Do You Know What Causes Your Hip Pain?
The process of identifying and treating health issues related to your hips often begins when you notice the pain that a hip problem produces. That pain can show up in the groin area, at the side of the hip, or with a snapping or popping of the hip when it is put in motion. Hip issues rarely manifest themselves in the buttocks.
It’s important to distinguish hip issues from other causes of pain in the hip area, and very subtle differences viewed on an x-ray by a trained health professional can potentially have very large implications. One telltale sign is sometimes referred to as the “c-sign,” or crossover sign of joint rotation.
Simply put, your hip is a ball and socket joint. The ball exists on the top end of the femur bone in your leg, while the socket is called the acetabulum and is connected to your pelvis. There is also articular cartilage on the surfaces of the joint, along with more cartilage, called the acetabular labrum, around the rim of the socket to help it grip the ball.
The Causes of Hip Pain
One of the most common hip issues results from a tear in that gripping cartilage. Labral tears are often caused by injuries or degeneration from other joint conditions, and they contribute to the femoral ball locking or “catching” in your joint. Typically an MRI scan with a dye injection is needed to confirm the diagnosis of a labral tear.
Another common issue is a hip impingement, which occurs when there is a lack of room between the ball and socket. When this happens, the femur and acetabulum rub together. The resulting pain is often aggravated by more strenuous activity, though prolonged stationary sitting may also intensify pain. Because of the hip’s role in exercise, hip impingement is more common in athletic men.
Other types of hip impingement include a pincer, when there is excessive growth around the acetabulum that contributes to the rubbing, and a cam, when the neck of the femur is abnormally shaped and thus causes rubbing.
Discover the anatomy of the hip, and how these causes for hip pain are identified.

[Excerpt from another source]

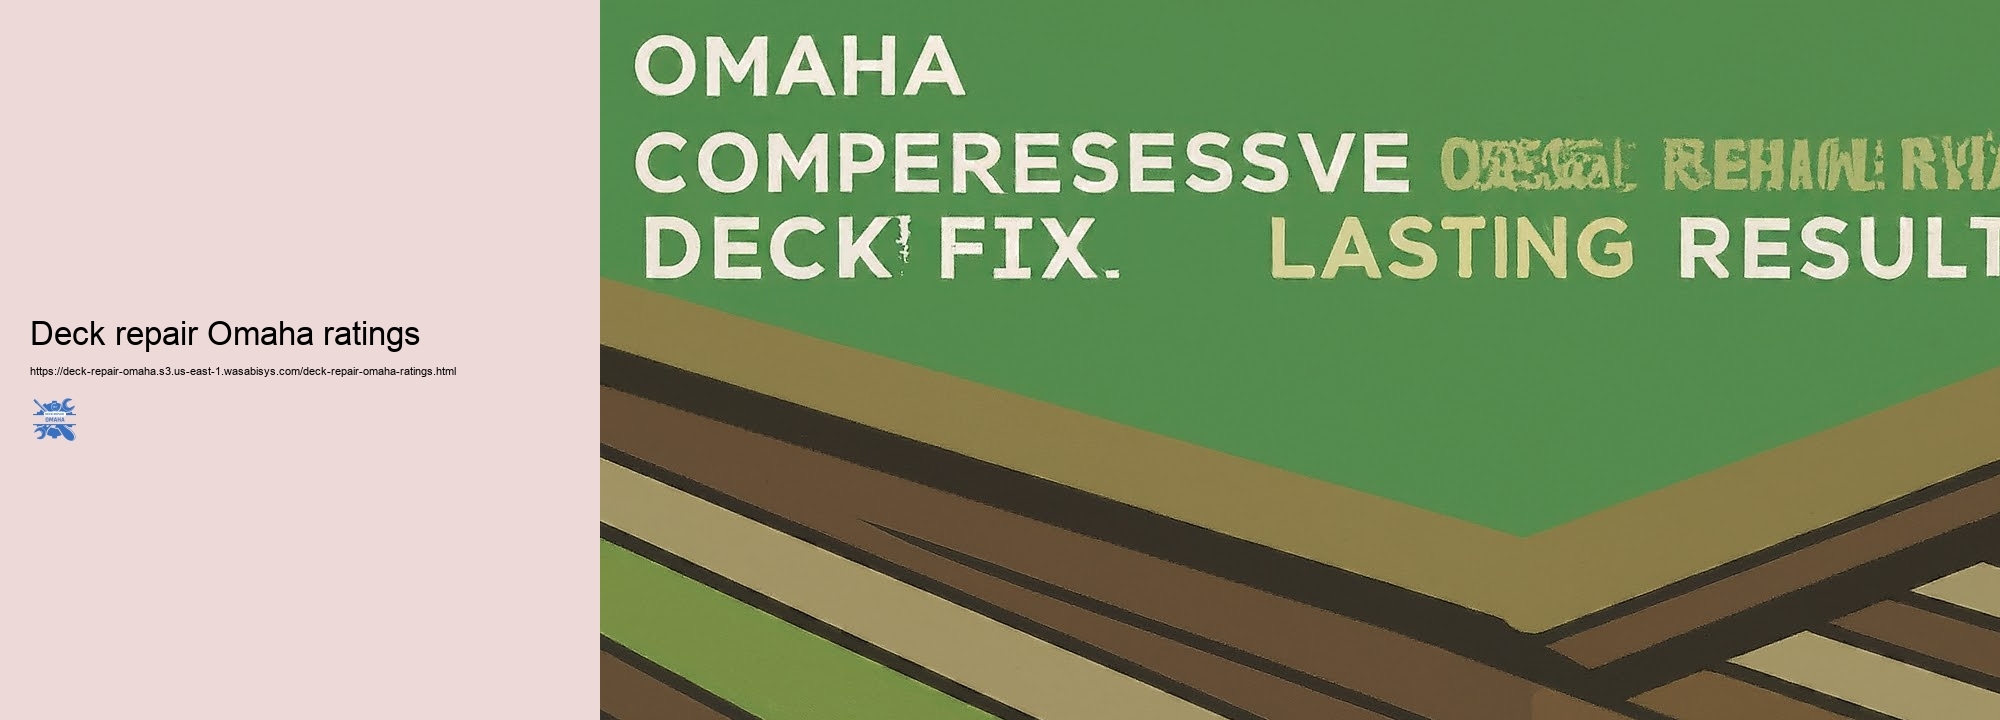 Spending plan Friendly Deck Repair Solutions for Omaha Citizens
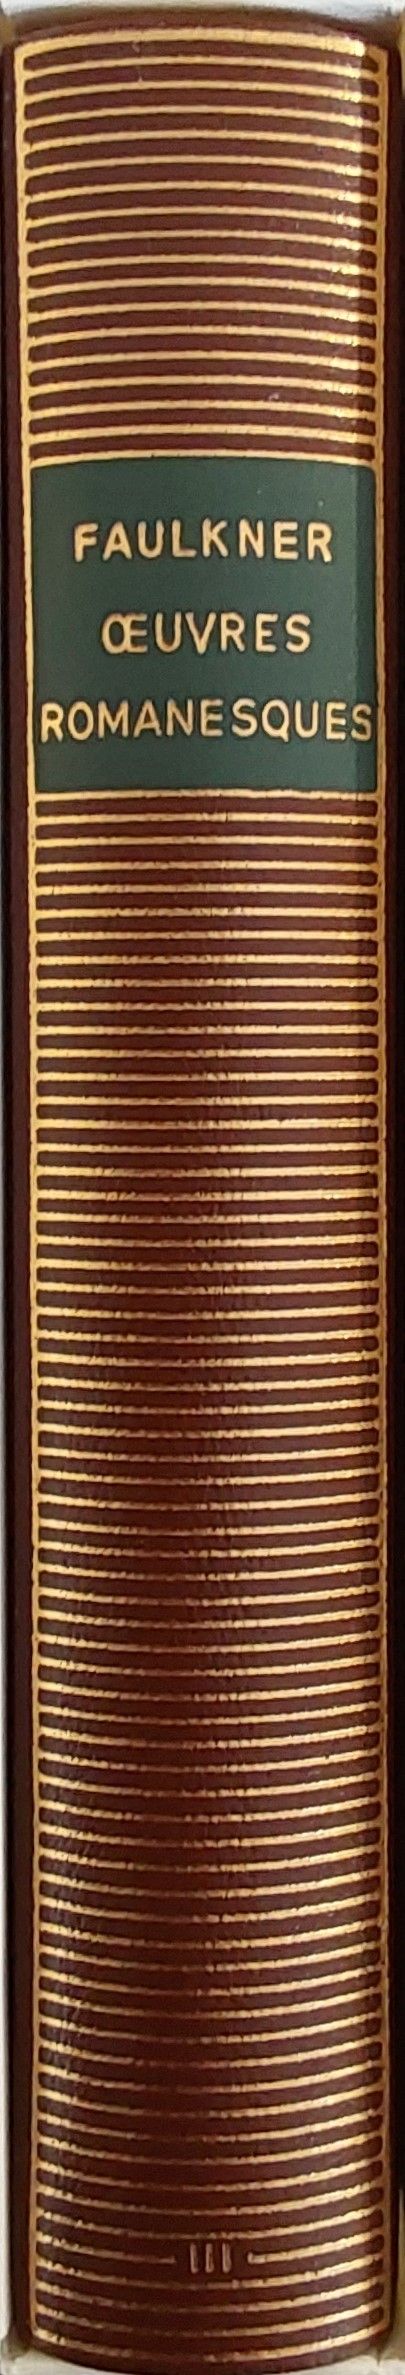 Volume 464 de Faulkner dans la Bibliothèque de la Pléiade

A physician’s evaluation of the individual factors involved in your specific hip-area pain, as evidenced by the symptoms you are experiencing, is an important contribution to the determination of which of these hip issues is the cause of the trouble. That evaluation often begins with a discussion with your doctor about the total history of your hip pain, including the specific locations of the pain and the factors or instances that seem to cause the pain to flare up or become more noticeable both recently and at other times in the past. This is because hip issues can develop from previous injuries that may not have caused ongoing pain initially but created damage in your joint that increased the rate of deterioration and sped up the arrival of that ongoing pain. In other cases, excessive body weight can put additional stress on your joints and speed up the normal wear and tear on them, which also hastens interior joint deterioration and the arrival of chronic joint pain.
From that practical discussion of your health history, a physical exam is necessary to explore the extent of the range of motion in your hip joints, test for signs of impingement, and check for tenderness in the areas around your hip. The trained eye of your physician knows what to look for and realizes the implications of each subtle sign and symptom, but there are limits to the knowledge that can be ascertained.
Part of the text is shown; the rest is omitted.